§ **YOUR INSTRUCTIONS**
From first line to last, transcribe the listing exactly and skip any image.

§ **INFORMATION SUPPLIED**
:::::

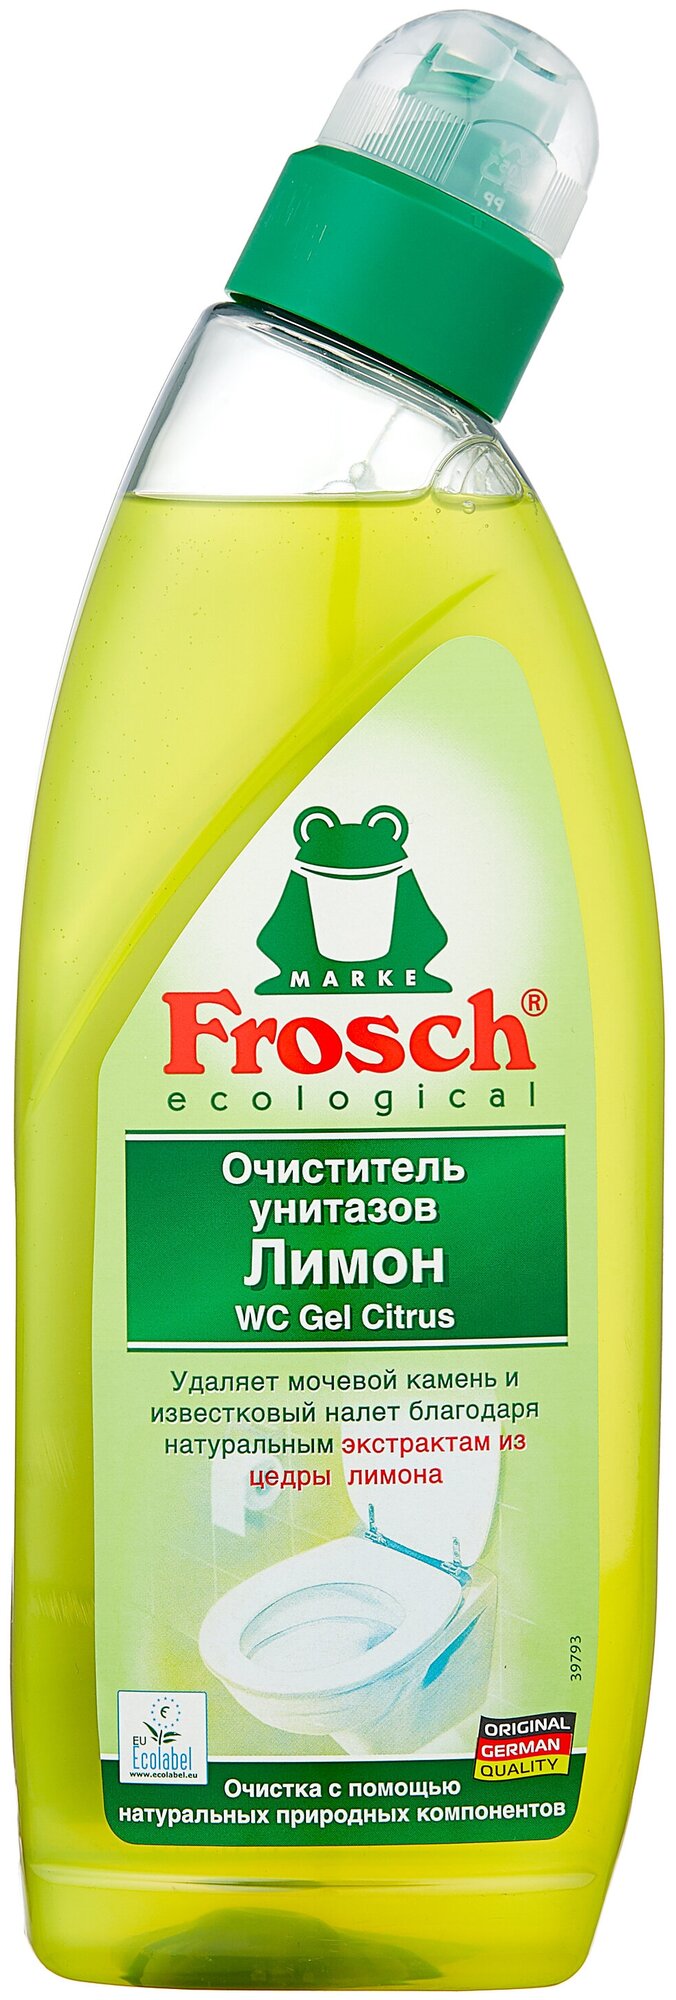 Frosch Очиститель унитазов Лимон, 0,75 л.
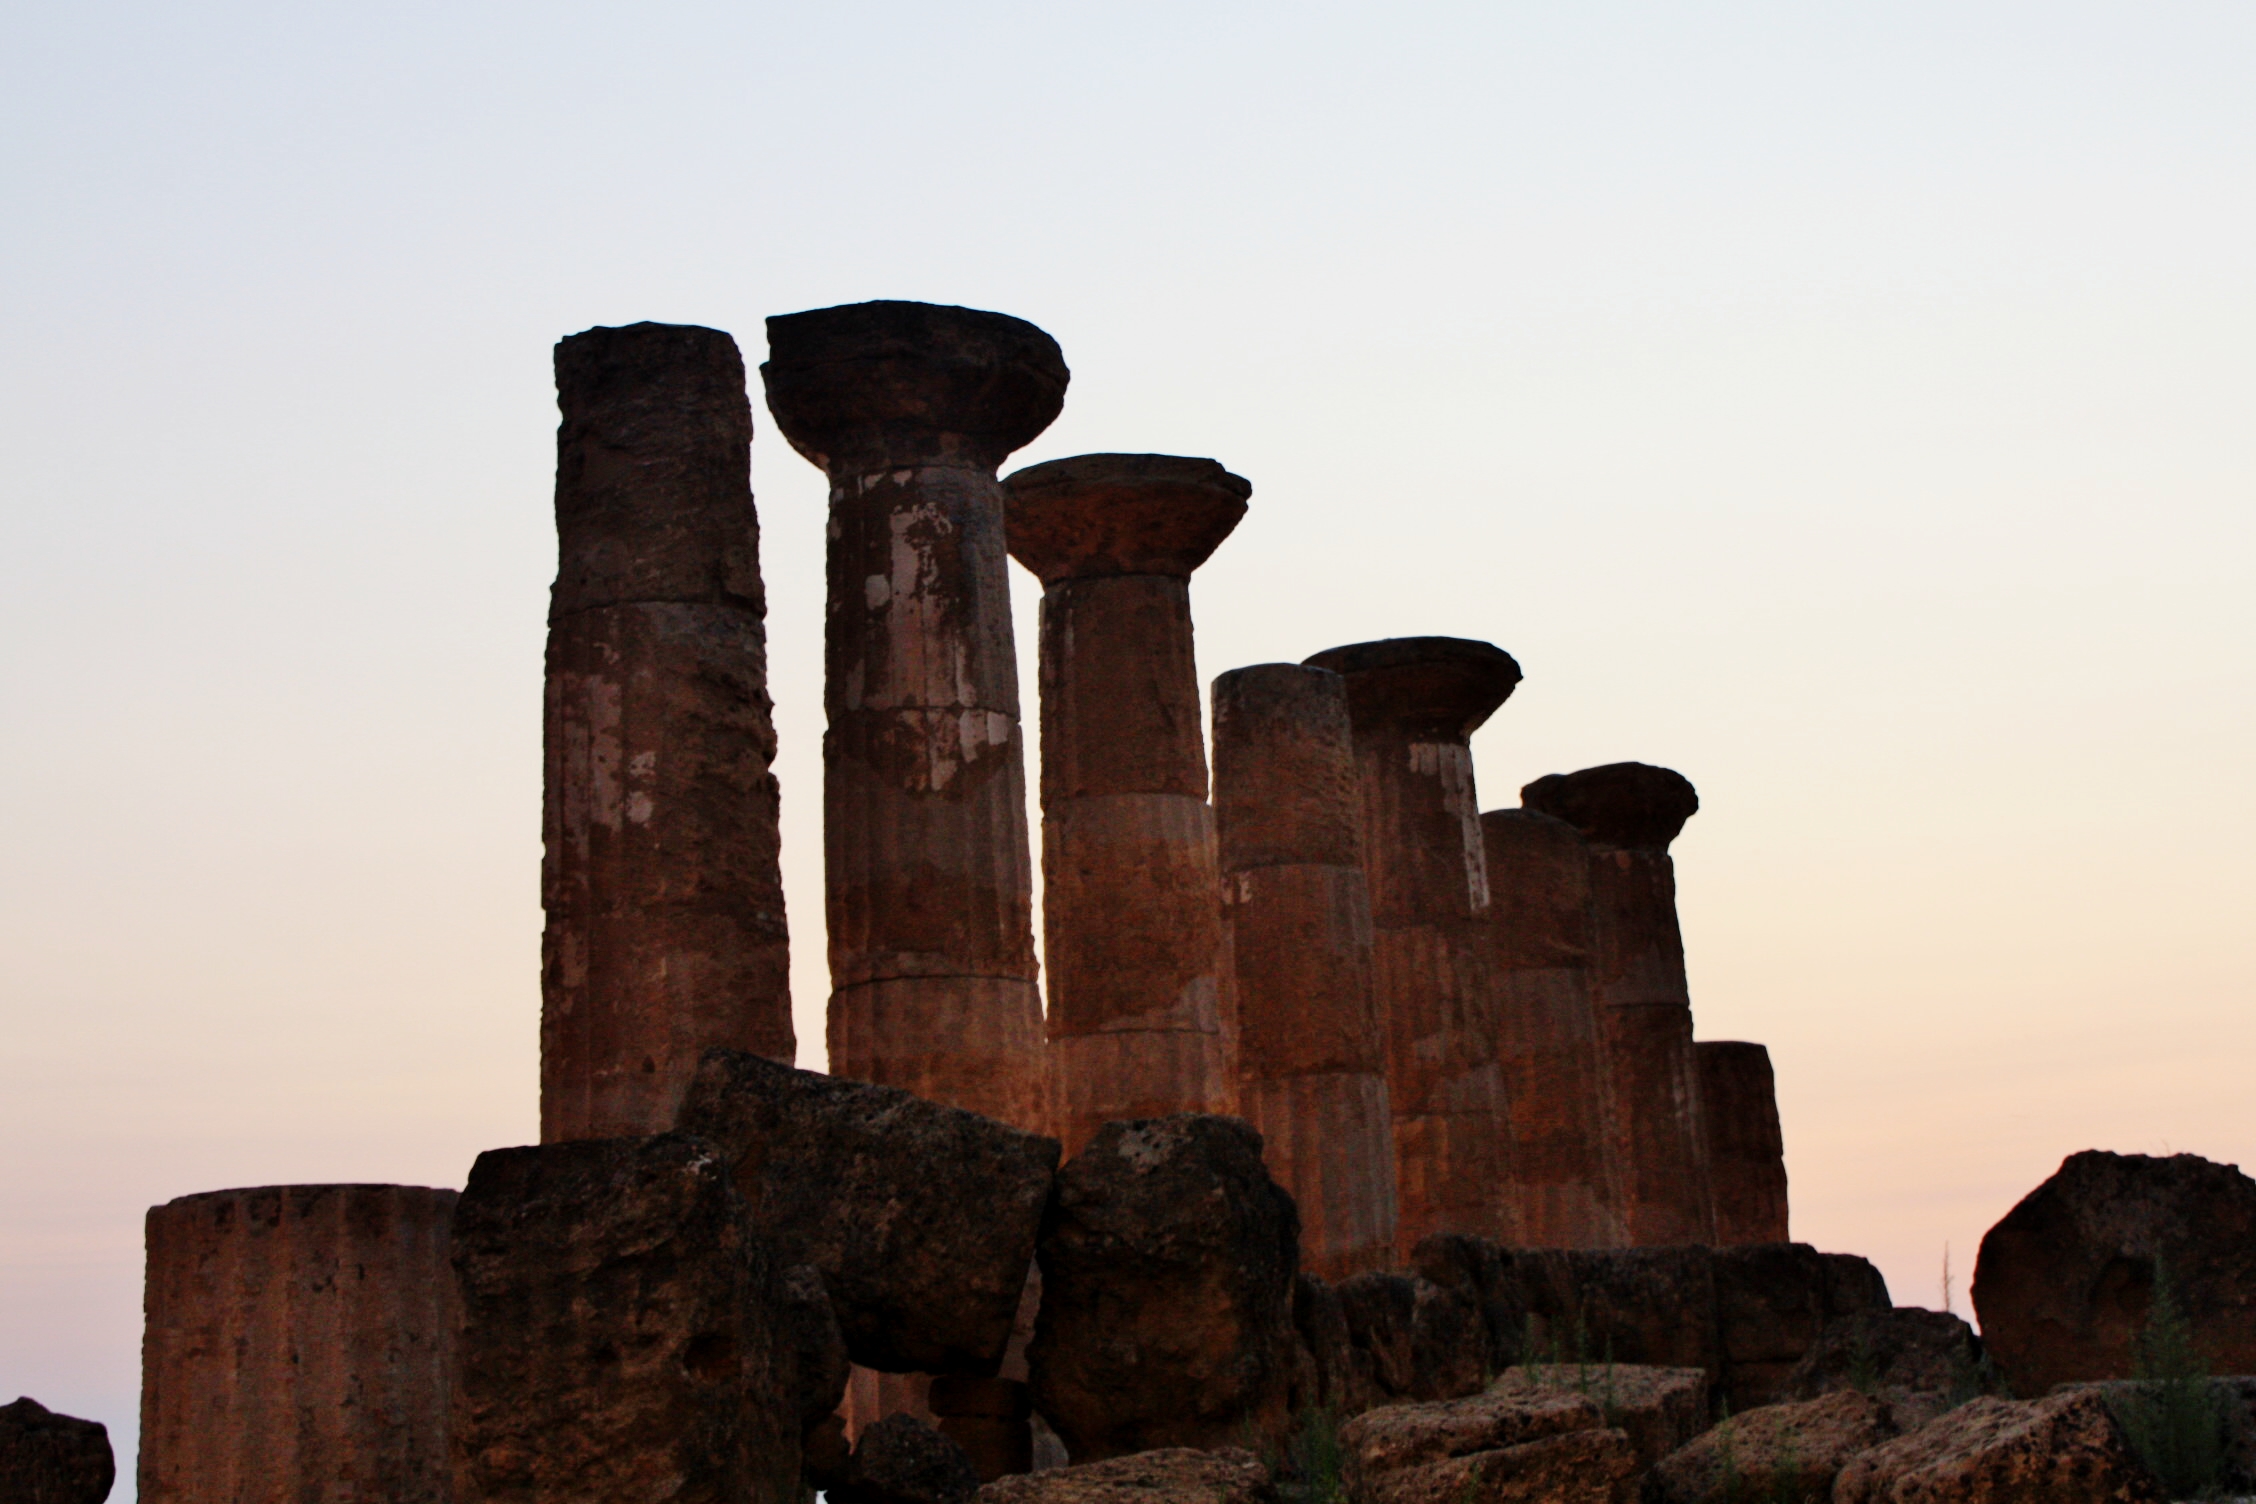 Foto: Valle de los Templos (Templo de Hércules) - Agrigento (Sicily), Italia
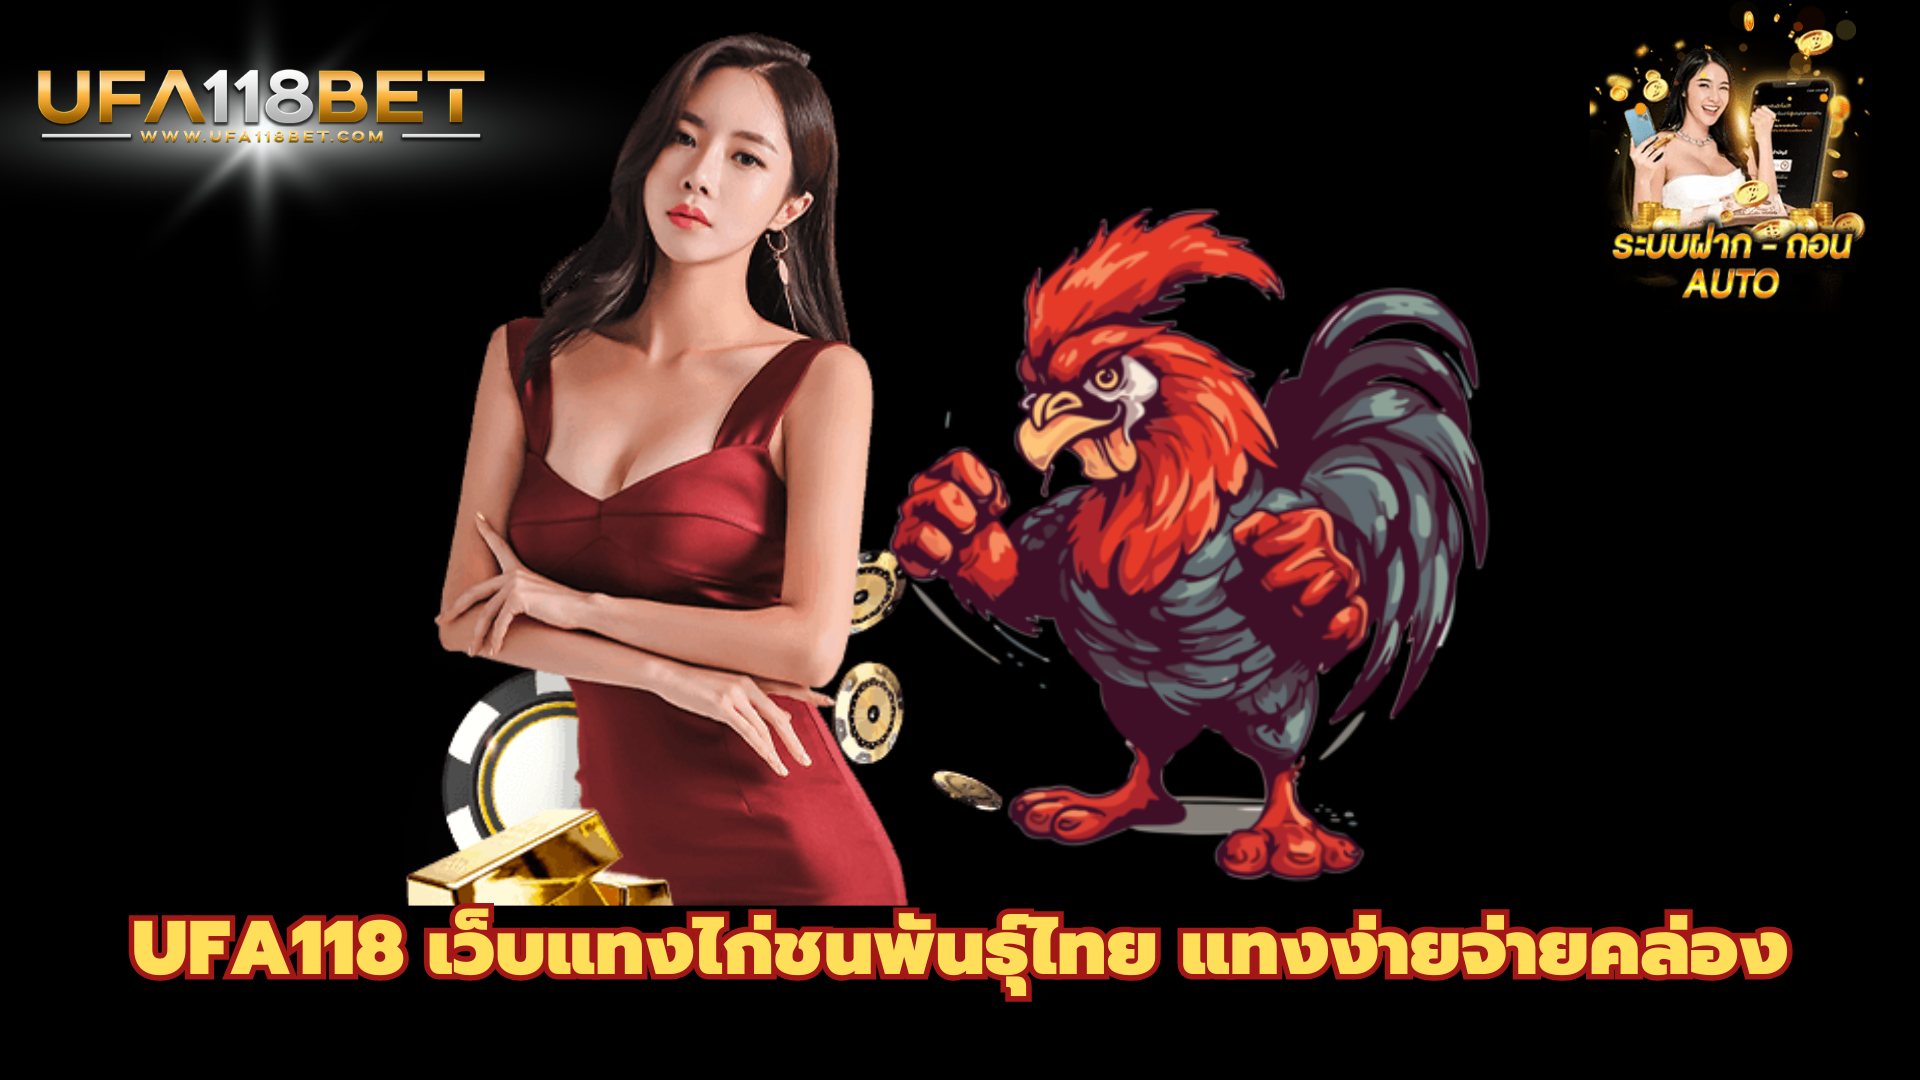 UFA118 เว็บแทงไก่ชนพันธ์ุไทย แทงง่ายจ่ายคล่อง
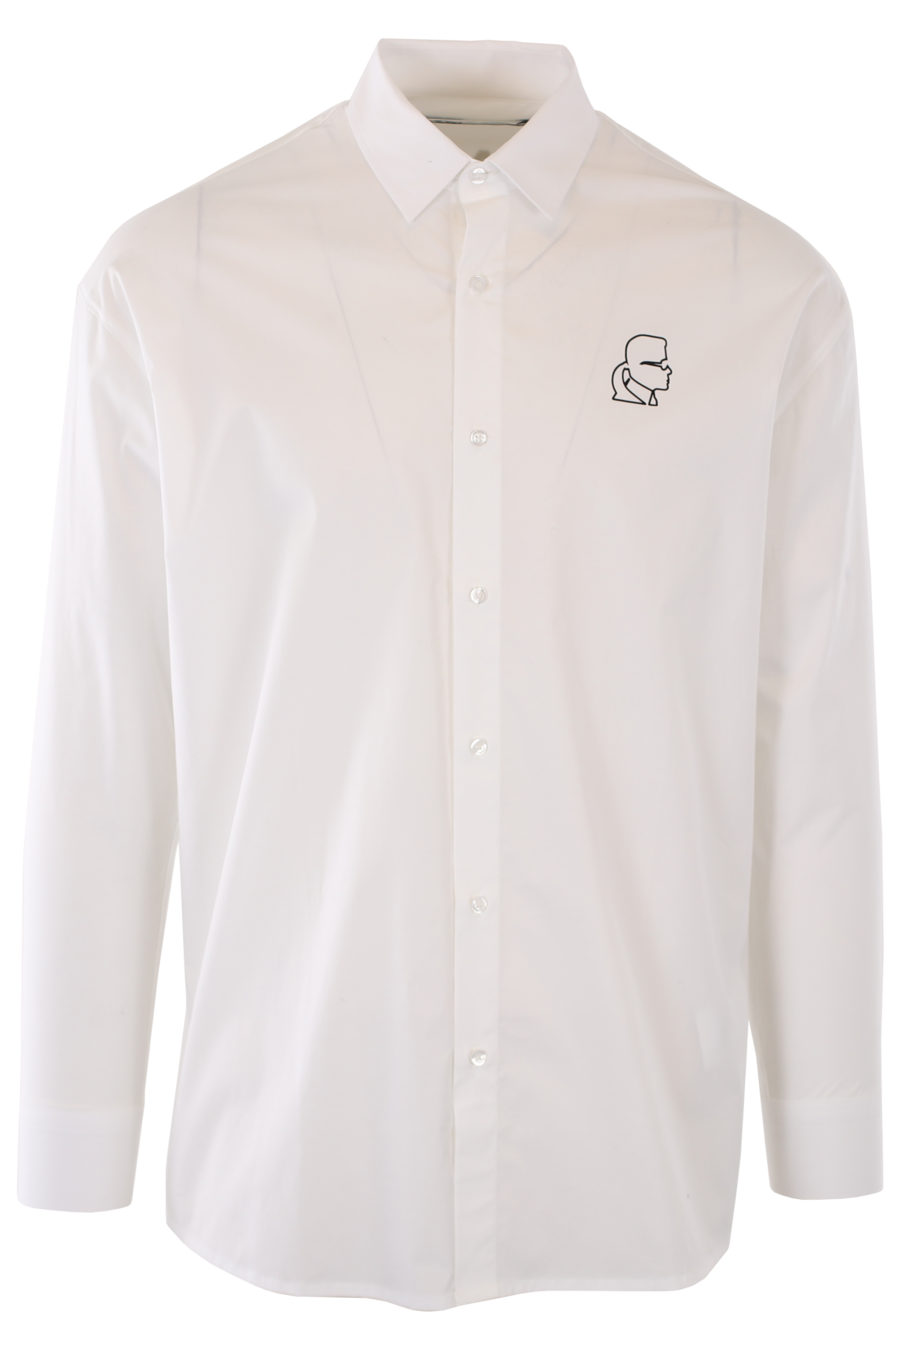 Camisa blanca con logo negro y detalle en satín - IMG 1142

:::::

§ **SOLUTION FOR THIS TASK**
 Frosch Очиститель унитазов Лимон, 0,75 л.
 Foto: Valle de los Templos (Templo de Hércules) - Agrigento (Sicily), Italia
 UFA118 เว็บแทงไก่ชนพันธ์ุไทย แทงง่ายจ่ายคล่อง
 Camisa blanca con logo negro y detalle en satín - IMG 1142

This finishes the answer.